Citation: Rodríguez BA, Tinajeros F, Condori BJ, Cutshaw MK (2025) Congenital transmission of Chagas disease by vector circulation zone in Bolivia. PLoS Negl Trop Dis 19(10): e0013591. https://doi.org/10.1371/journal.pntd.0013591
Editor: Abhay R. Satoskar,, Ohio State University, UNITED STATES OF AMERICA
Received: September 8, 2024; Accepted: September 24, 2025; Published: October 3, 2025
Copyright: © 2025 Rodríguez et al. This is an open access article distributed under the terms of the Creative Commons Attribution License, which permits unrestricted use, distribution, and reproduction in any medium, provided the original author and source are credited.
Data Availability: The data underlying the results presented in this manuscript can be accessed at: https://doi.org/doi:10.7910/DVN/1GZK76.
Funding: The author(s) received no specific funding for this work.
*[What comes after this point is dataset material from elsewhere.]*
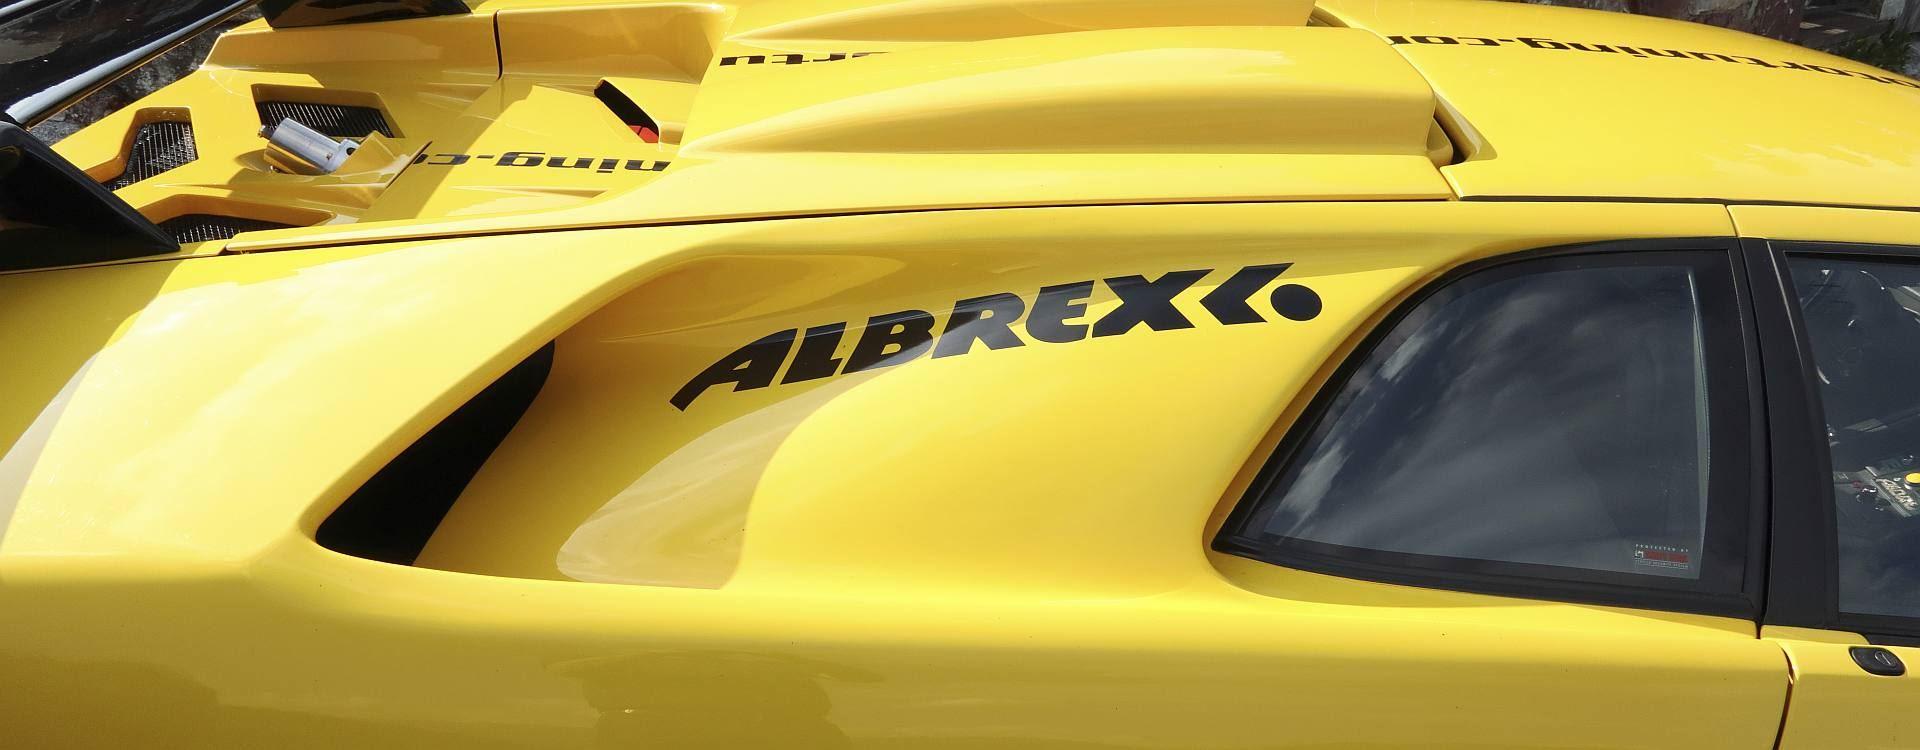 Albrex

Competing interests: The authors have declared that no competing interests exist.
Introduction
Chagas disease, caused by the protozoan parasite Trypanosoma cruzi, is a significant public health concern in the Americas. Approximately 6–7 million people worldwide are estimated to be infected, primarily in endemic countries in Latin America [1]. Bolivia has one of the highest burdens of Chagas disease, with both the highest prevalence and largest age-adjusted death rate of any country over the last three decades [2].
Chagas disease has several routes of transmission. The most common route is vector transmission through a triatomine bug which bites the skin to feed on blood and deposits excrement near the site, which is smeared into the bite or a mucous membrane [1]. Congenital transmission from pregnant women to their infants is another common form of transmission and accounts for a growing percentage of new cases [3,4]. In Bolivia, 20–30% of pregnant women are estimated to have Chagas disease, and infected women have approximately a 5% risk of transmission to their infants [5,6]. Public health efforts have focused on early diagnosis in women prior to pregnancy, as antiparasitic treatment is contraindicated during pregnancy, and in infants, as treatment is largely curative and well tolerated within the first year of life [7].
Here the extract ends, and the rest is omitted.